You guys are just soft, no problem for me shooting outside in -19C without gloves..................You have heard the term "Mad dogs and Englishmen in the midday Sun" :tongue:


----------



## bowhuntrmaniac (Jan 22, 2012)

Pikku, I buy a few pair of those brown jersery gloves, cut the 1st 3 fingers off them (on the the hand of one you shoot with) . You put the glove on then put your tab on .


----------



## Easykeeper (Jan 2, 2003)

bowhuntrmaniac said:


> Pikku, I buy a few pair of those brown jersery gloves, cut the 1st 3 fingers off them (on the the hand of one you shoot with) . You put the glove on then put your tab on .

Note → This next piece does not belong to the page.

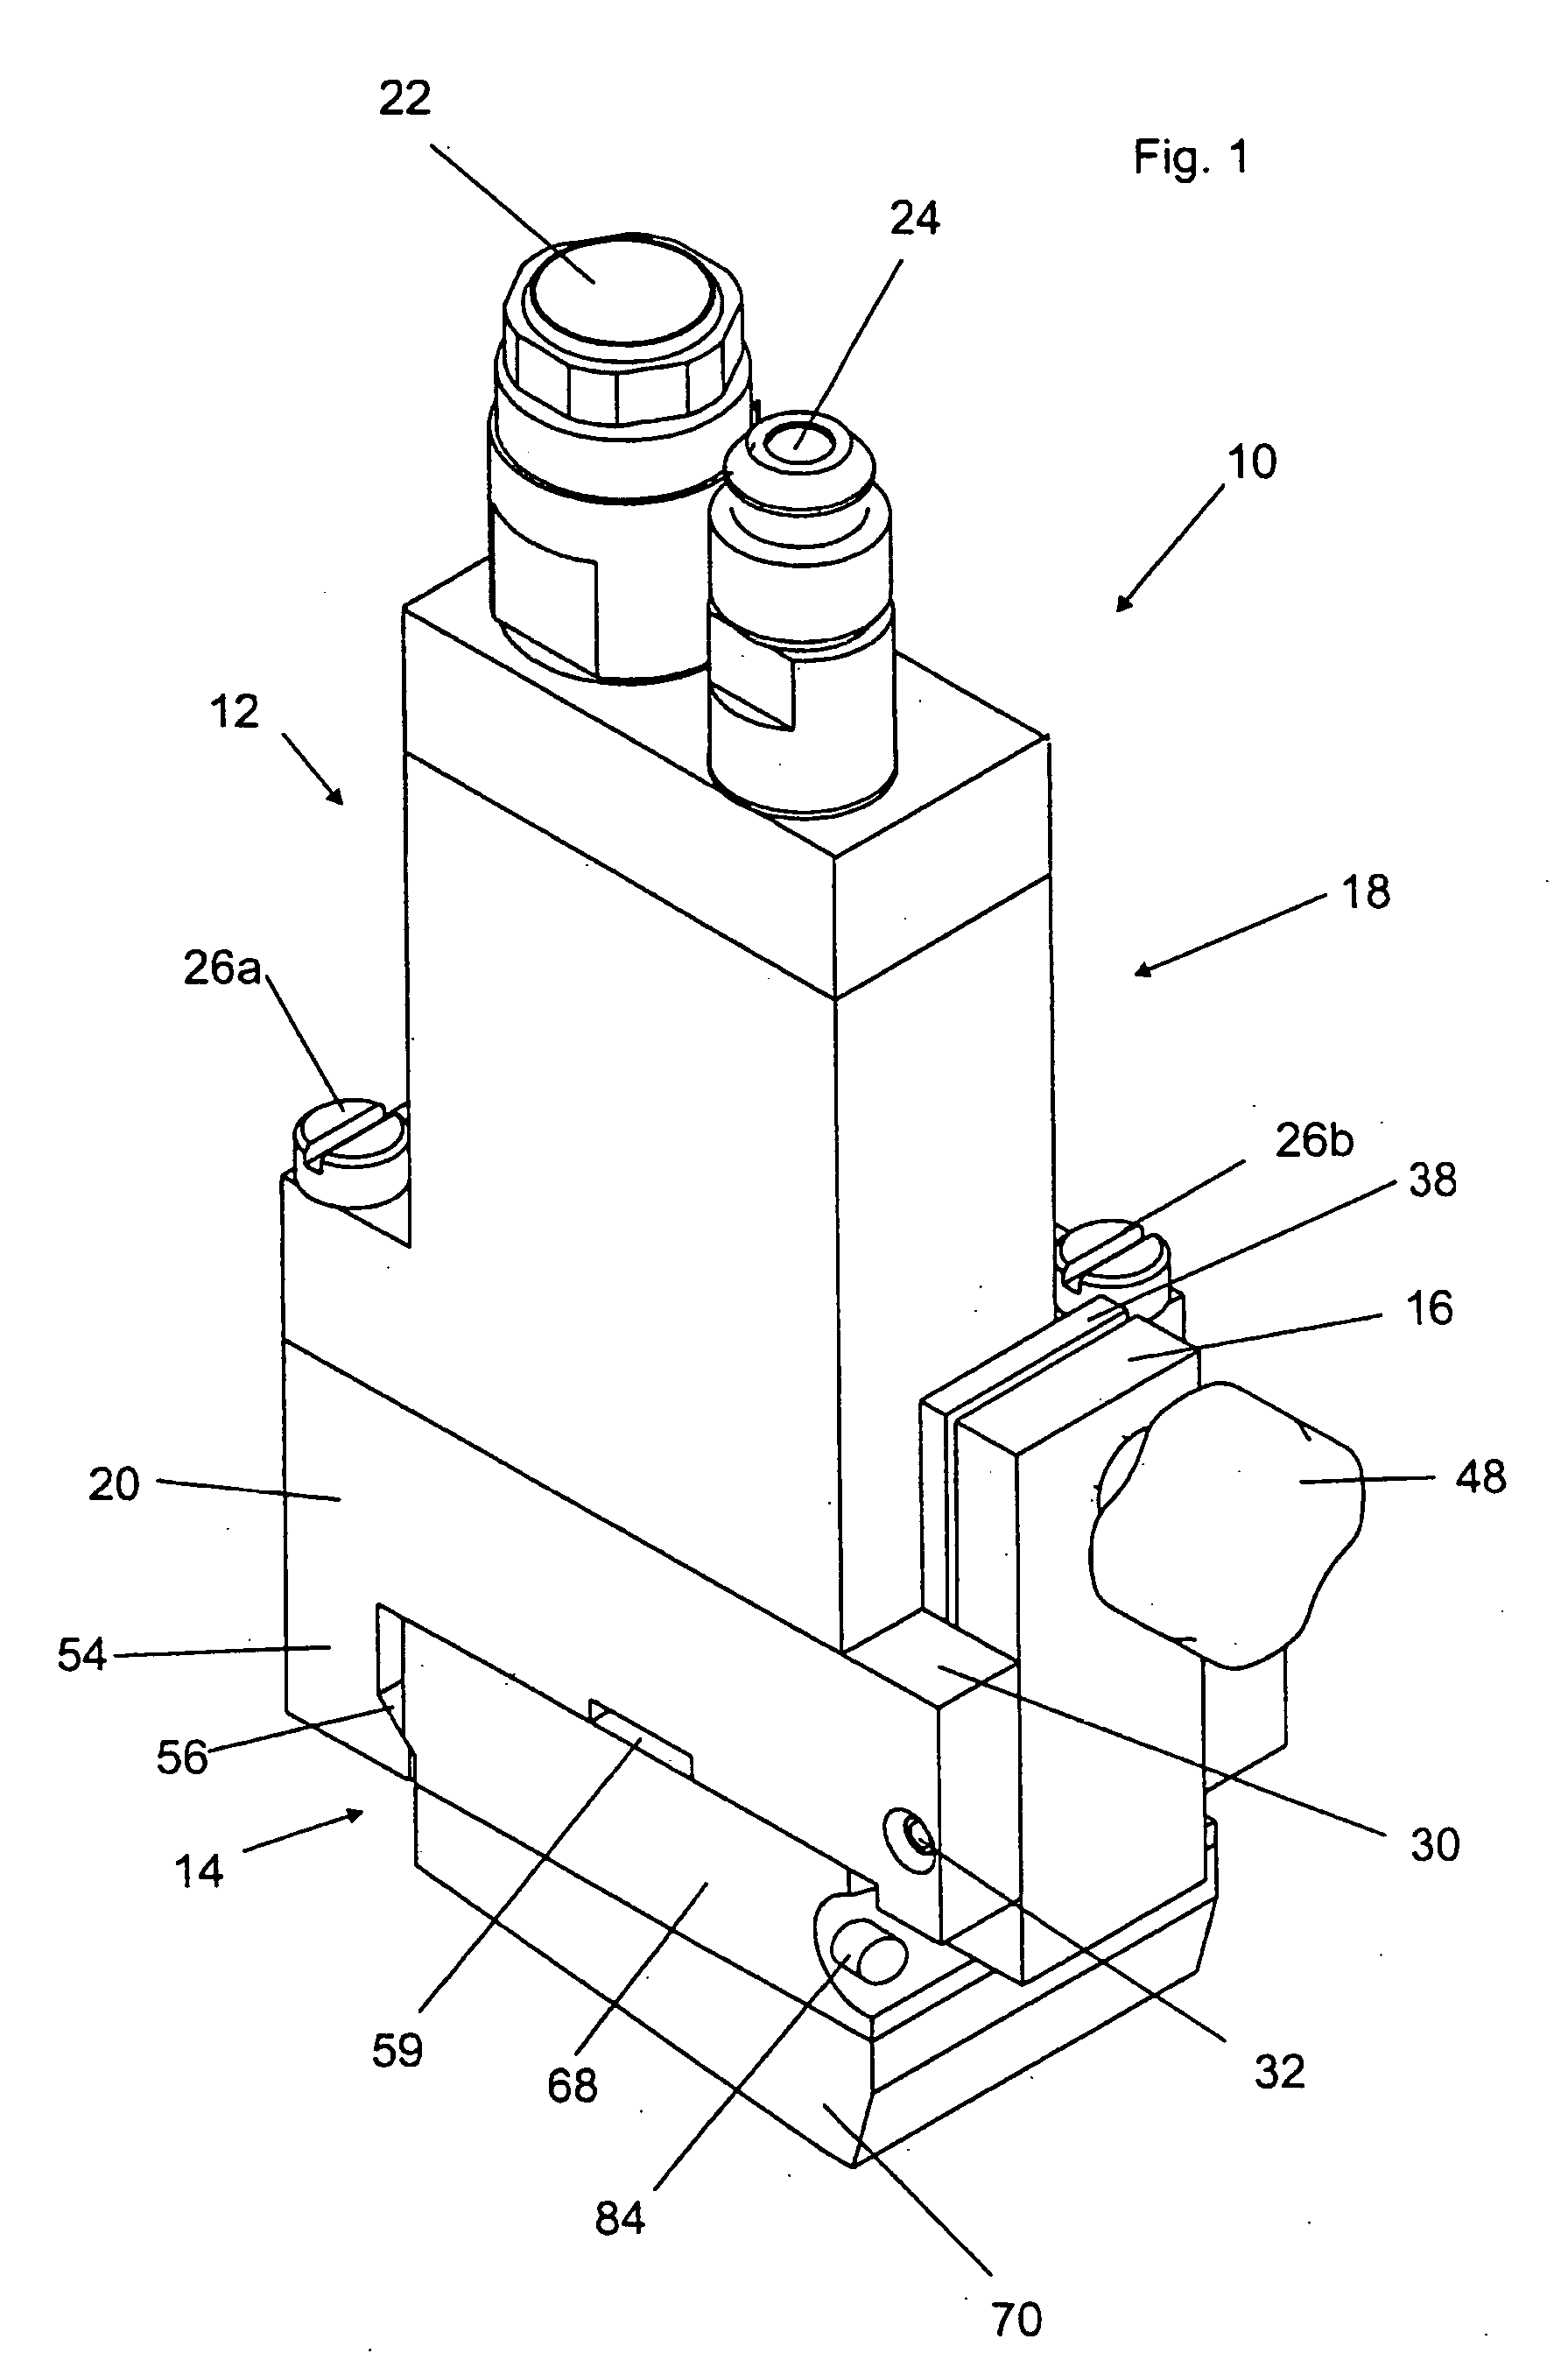 Applicator head, applicator nozzle arrangement, adaptor plate and mounting plate

Beat me to it. I'm more of a buckskin glove guy but I do the same thing, cut just enough off your three release fingers so the glove isn't in any way between your fingers or the tab. Can be done with any thickness glove but it doesn't take much to make shooting in cold weather very practical with a tab.


----------



## kmeininger (Nov 11, 2013)

So I've always shot tab and recently modified mine with great results. I made a taller and longer finger spacer and a stand off for my thumb. The great part about the new spacer and the addition of the standoff is stretches my fingers out forcing me to keep the string right on my finger tips and not in the crease of my fingers so my windage for grouping got a lot better with the more consistent release. And the stand off made my anchor point more consistent to since I use the top of my thumb to locate at the back of my jaw.


----------



## ghostgoblin22 (May 3, 2013)

i tried out a tab a few months ago, yes i shot just a little better, but it just didnt feel right when i went on my first hunt with it, with a glove i can shoot the exact same arrow on the first shot as i can with a tab, so if i thought to myself why make myself uncomfortable while im hunting, i did shoot 6 arrows better than 6 arrows compared to the glove, for target the TAB is a must


----------



## DDSHOOTER (Aug 22, 2005)

kmeininger said:


> So I've always shot tab and recently modified mine with great results. I made a taller and longer finger spacer and a stand off for my thumb. The great part about the new spacer and the addition of the standoff is stretches my fingers out forcing me to keep the string right on my finger tips and not in the crease of my fingers so my windage for grouping got a lot better with the more consistent release. And the stand off made my anchor point more consistent to since I use the top of my thumb to locate at the back of my jaw.
> View attachment 1862733
> View attachment 1862736


Very smart. I have glove in the works that you my like. If, and I say if, it works. I'm waiting for some piece coming from Canada.
DD


----------



## grantmac (May 31, 2007)

kmeininger said:


> So I've always shot tab and recently modified mine with great results. I made a taller and longer finger spacer and a stand off for my thumb. The great part about the new spacer and the addition of the standoff is stretches my fingers out forcing me to keep the string right on my finger tips and not in the crease of my fingers so my windage for grouping got a lot better with the more consistent release. And the stand off made my anchor point more consistent to since I use the top of my thumb to locate at the back of my jaw.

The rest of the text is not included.